3. Start saving for emergencies
Saving more money has been the most popular financial resolution for five consecutive years. Yet Americans are notorious for being poor savers. With positive cash flow from your realistic budget, you should start placing money aside for life’s little surprises as soon as possible, even if it’s only $50 per month. You have to start somewhere in order to build healthy habits for the long run.
Financial advisers often suggest an emergency savings fund of around eight months’ salary. The simple reason for this is that it takes the average unemployed person about 33 weeks to find a new job. If you don’t have an emergency savings fund, start one. It will grow over time and be there when you need. You will also become less dependent on credit cards for unexpected expenses. If you make your savings automatic with the help of an online savings account, this resolution could be accomplished within the first week of the year.
As Hastings notes, “If you fail on your resolution in January, start in February. It’s an arbitrary date that doesn’t matter. Reset your resolution and begin fresh. It doesn’t have to be January 1.”
A survey from Ally Bank finds that saving money is one of the best habits to increase happiness. Among those polled with savings accounts, 38% of people said they felt extremely or very happy. In comparison, only 29% of those without savings accounts felt the same way. Overall, 84% of people said saving money makes them feel good — ahead of eating healthy at 74% and enjoying work at 68%.
4. Start planning for retirement
Retirement may feel like a pipe dream given your financial situation, but creating a plan greatly improves your odds at success. Not including money put toward mortgage payments or home improvements, people with no financial planning save an average of $77 per month. Those with some kind of informal planning such as “my own thoughts” or “my own approximate calculation” save an average of $335 per month, according to a study by HSBC.
Saving for retirement on a regular basis is key to building a bigger nest egg. Regular savers polled in the study accumulated an average of $168,099 in retirement savings and investments compared to only $86,529 by those who only save from time to time.

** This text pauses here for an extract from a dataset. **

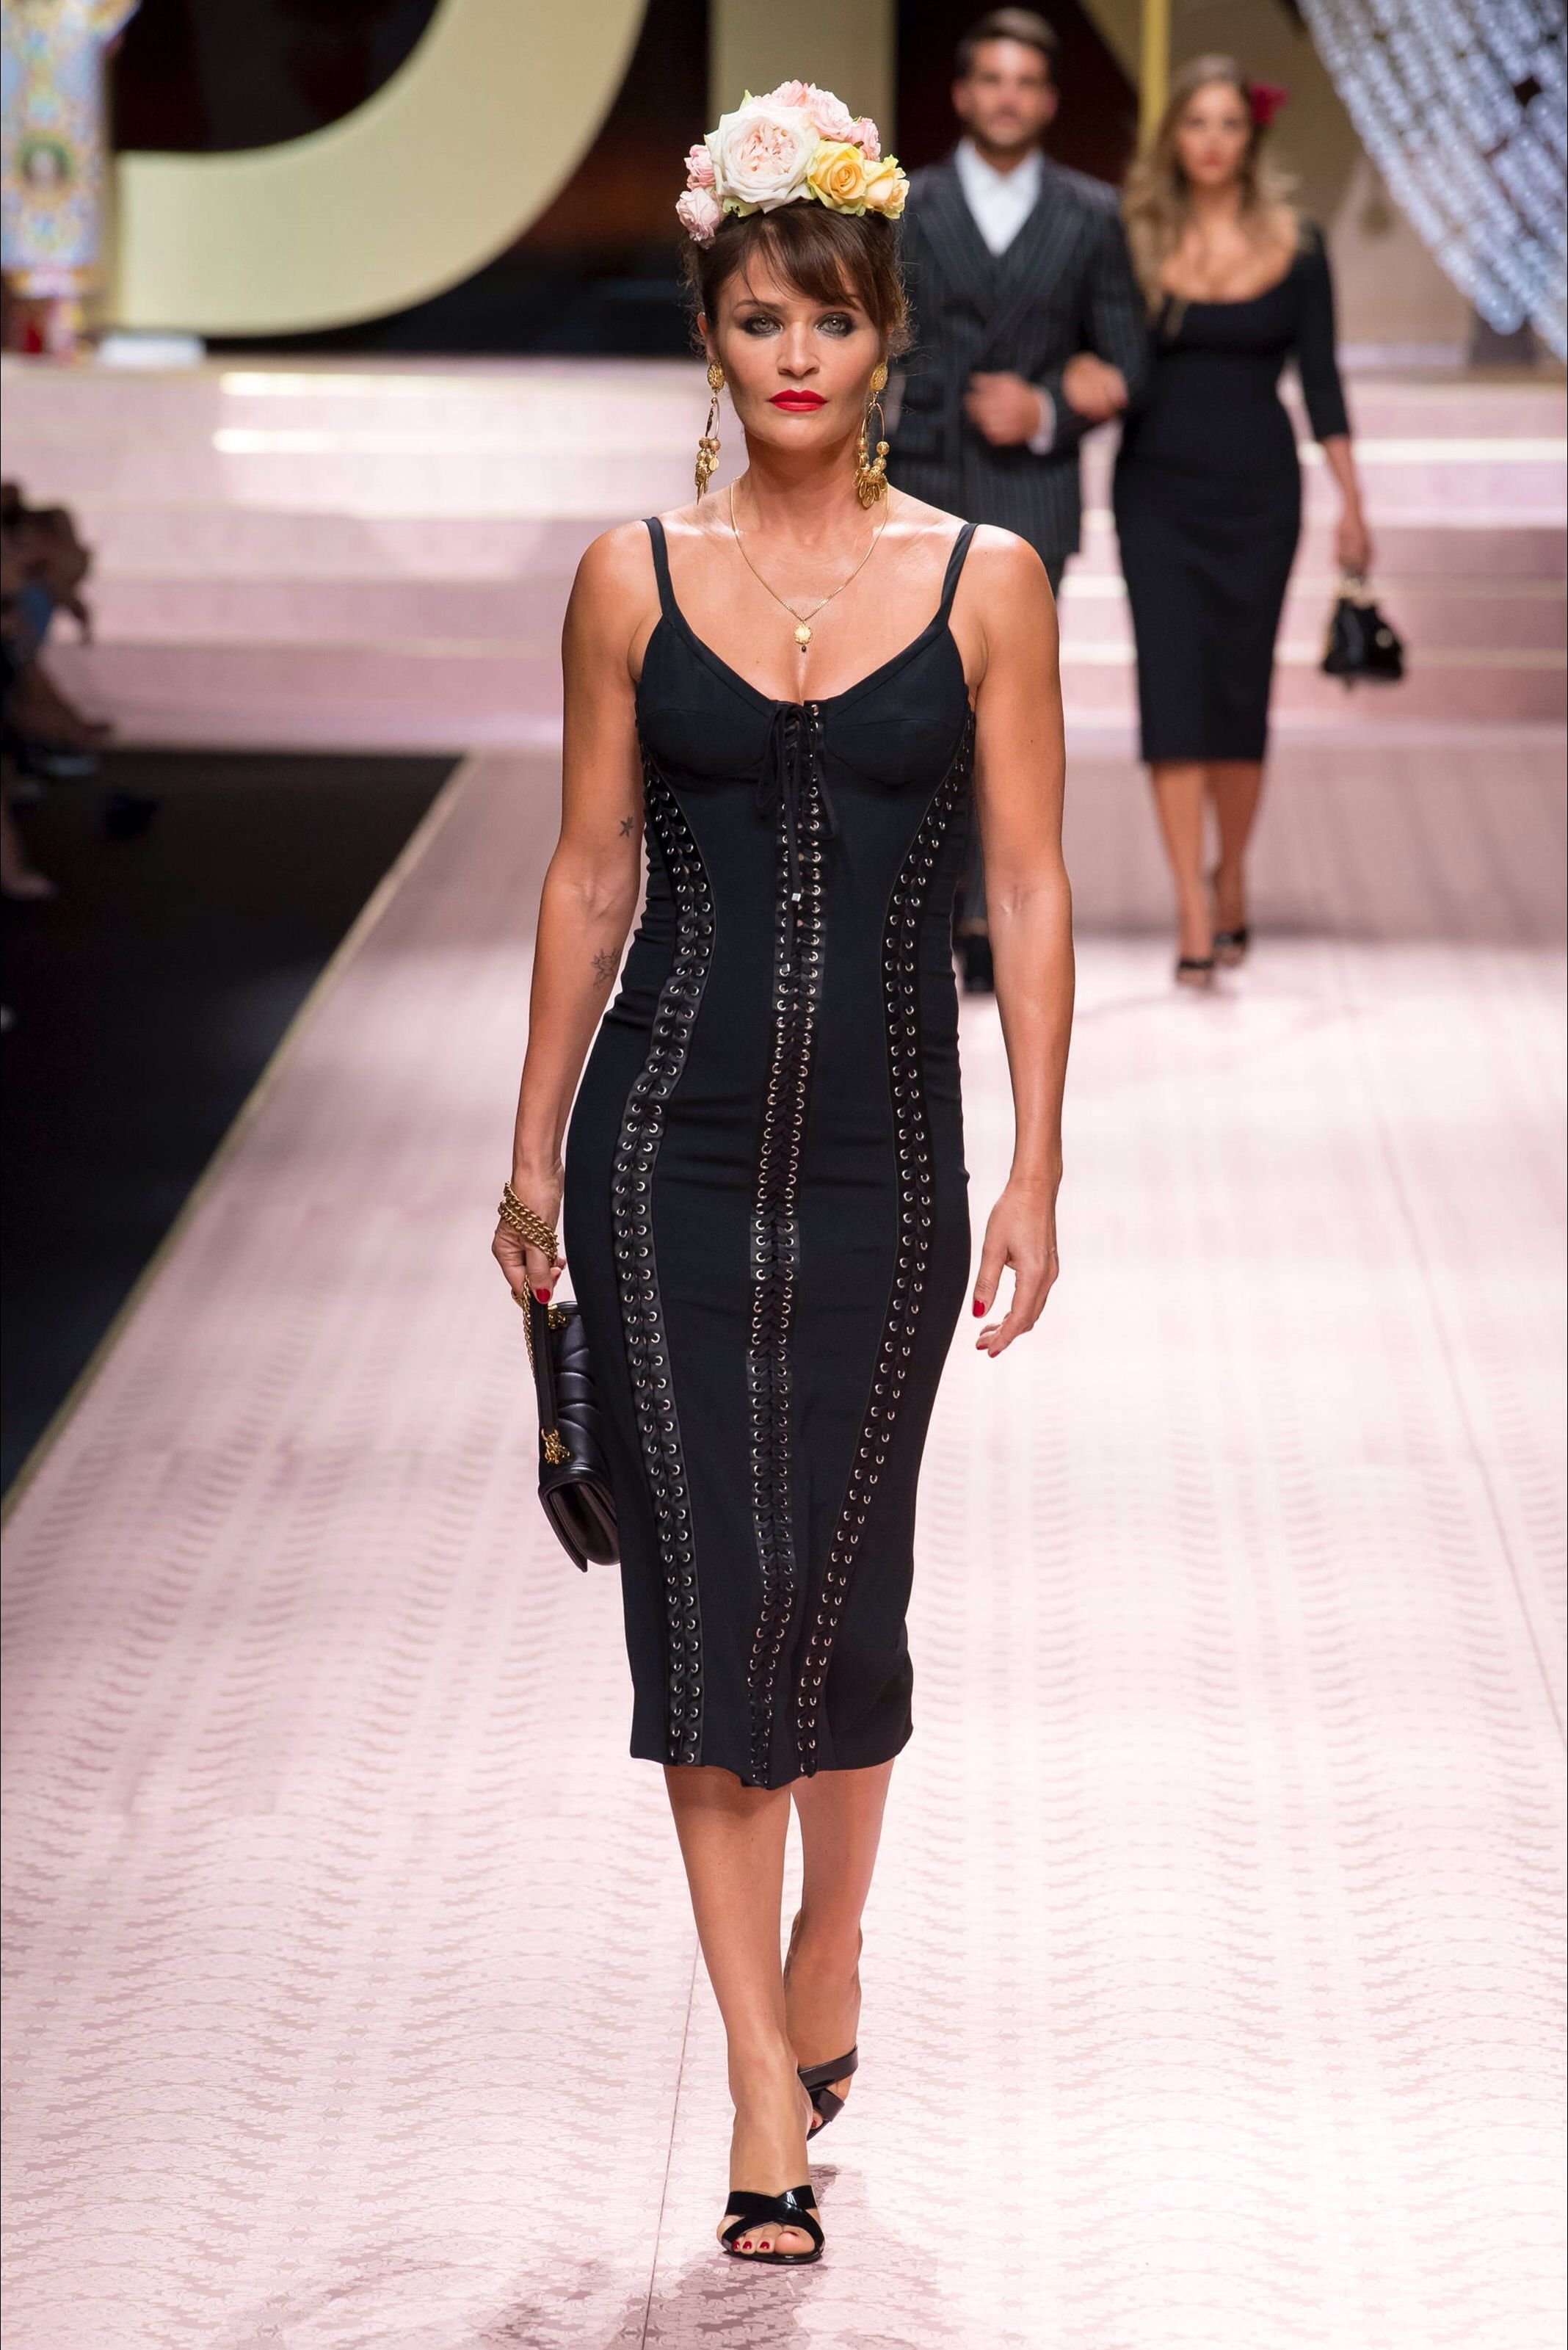 c4d7c592bb75 Spring Summer 2019 Ready to Wear- Dolce   Gabbana

Naturally, you are the person that cares the most about your money, but seeking the help of a well-researched and professional financial advisor can greatly improve your chances of retiring. Respondents with average incomes who use professional financial advice when planning for retirement have the greatest levels of retirement and other savings. Those who had a financial plan in place with a professional had so far accumulated $203,228 in retirement savings, compared to only $98,005 among those without a financial adviser.

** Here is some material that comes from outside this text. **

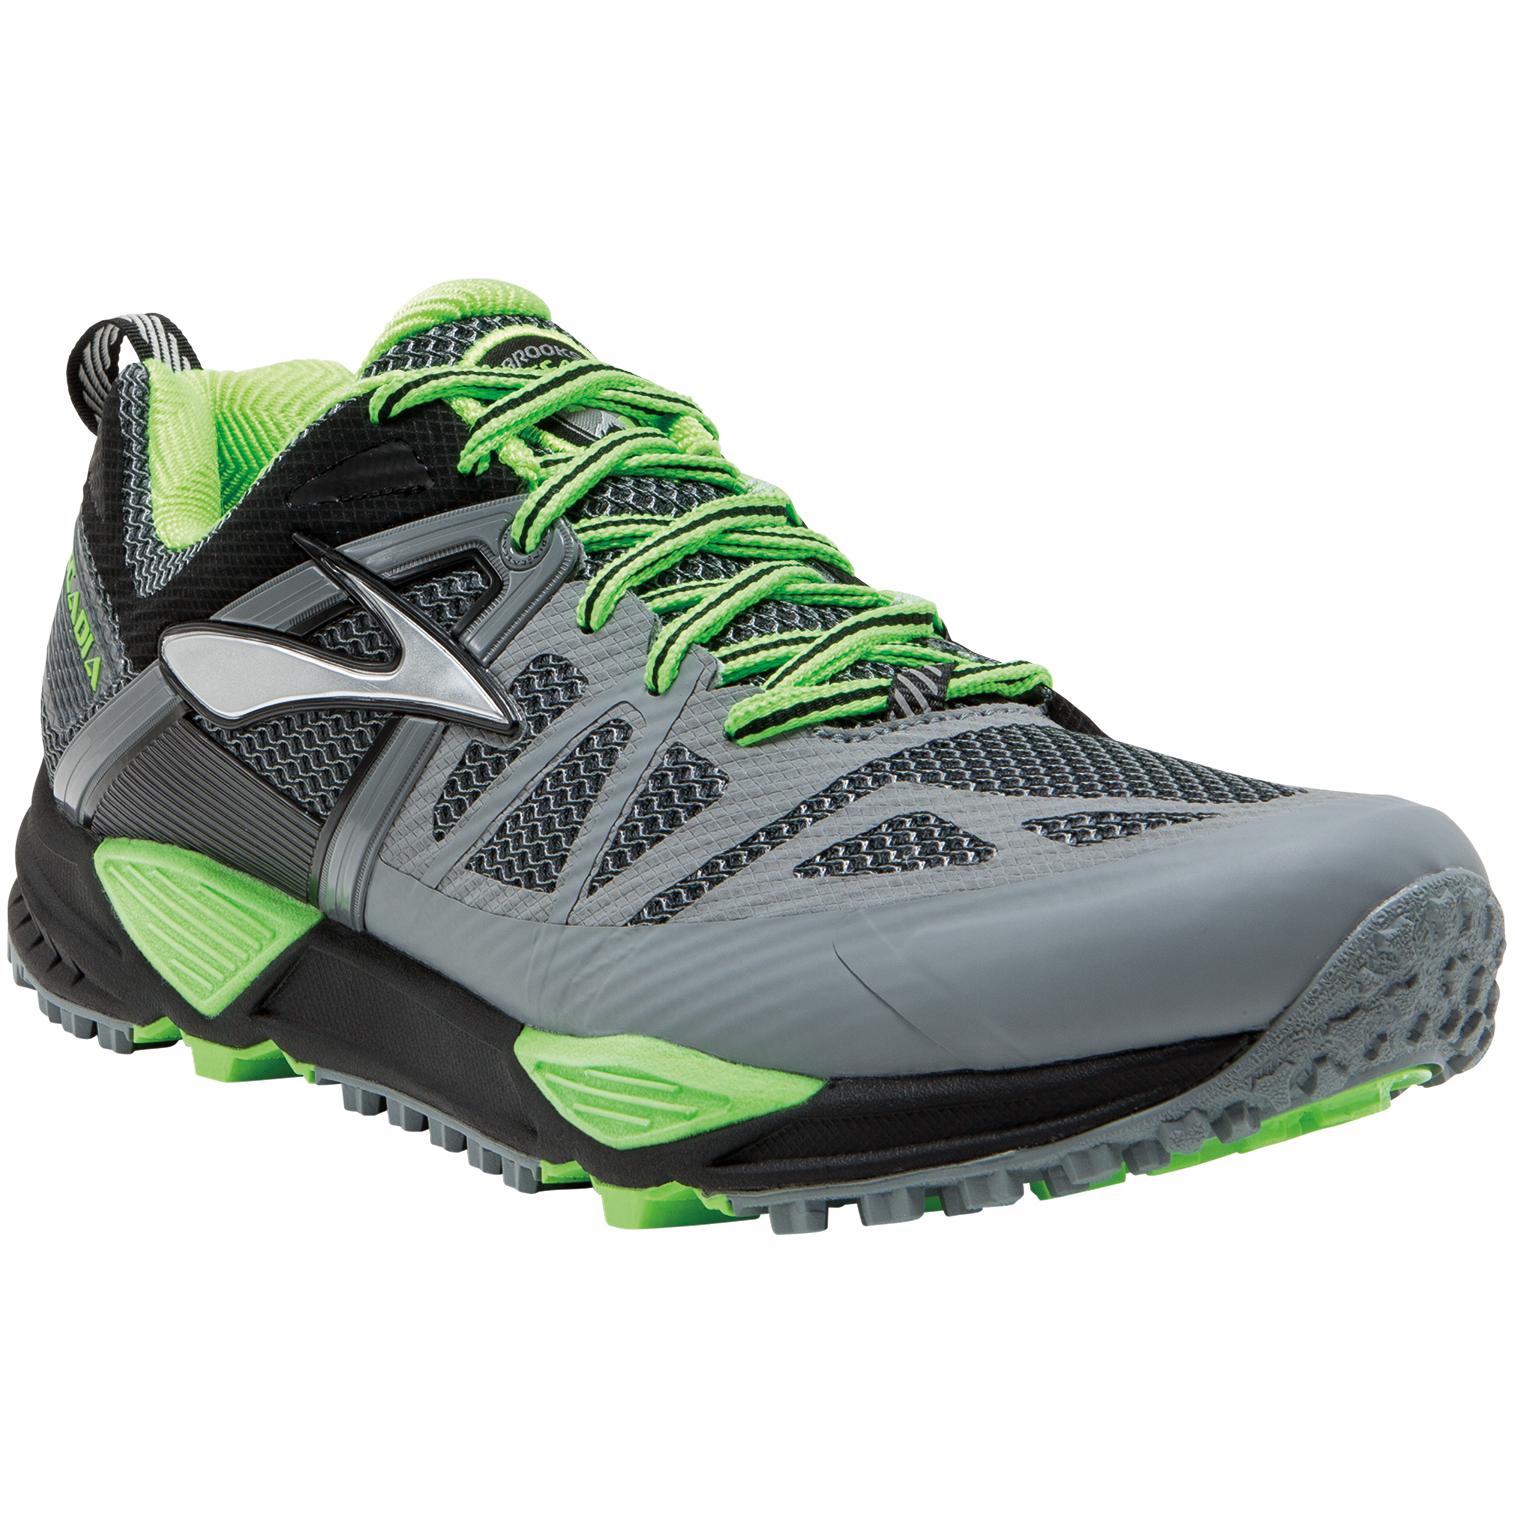 82514a17cdb6d Brooks Cascadia 10 Trail Running Shoes - Men s

5. Check your credit report
Your credit report is one of the great mysteries of personal finance. Containing a significant portion of your financial activities, the report helps create your credit score. Yet the exact formula for calculating a credit score is unknown to the public, and a wide variety of organizations can check your credit report without permission.
Since credit reports may affect your mortgage rates, credit card approvals, insurance rates, apartment requests, and even job applications, Americans should make it a habit to check their reports at least once a year by using AnnualCreditReport.com, the only authorized site that is required by law to provide a free copy of your credit report every 12 months from each credit reporting company. This resolution can be accomplished within the first week of the year.
If you see an error, contact the credit reporting company and the information provider — the entity that provides information about you to a credit reporting company. It can take several months to resolve a dispute, but it may significantly boost your credit score.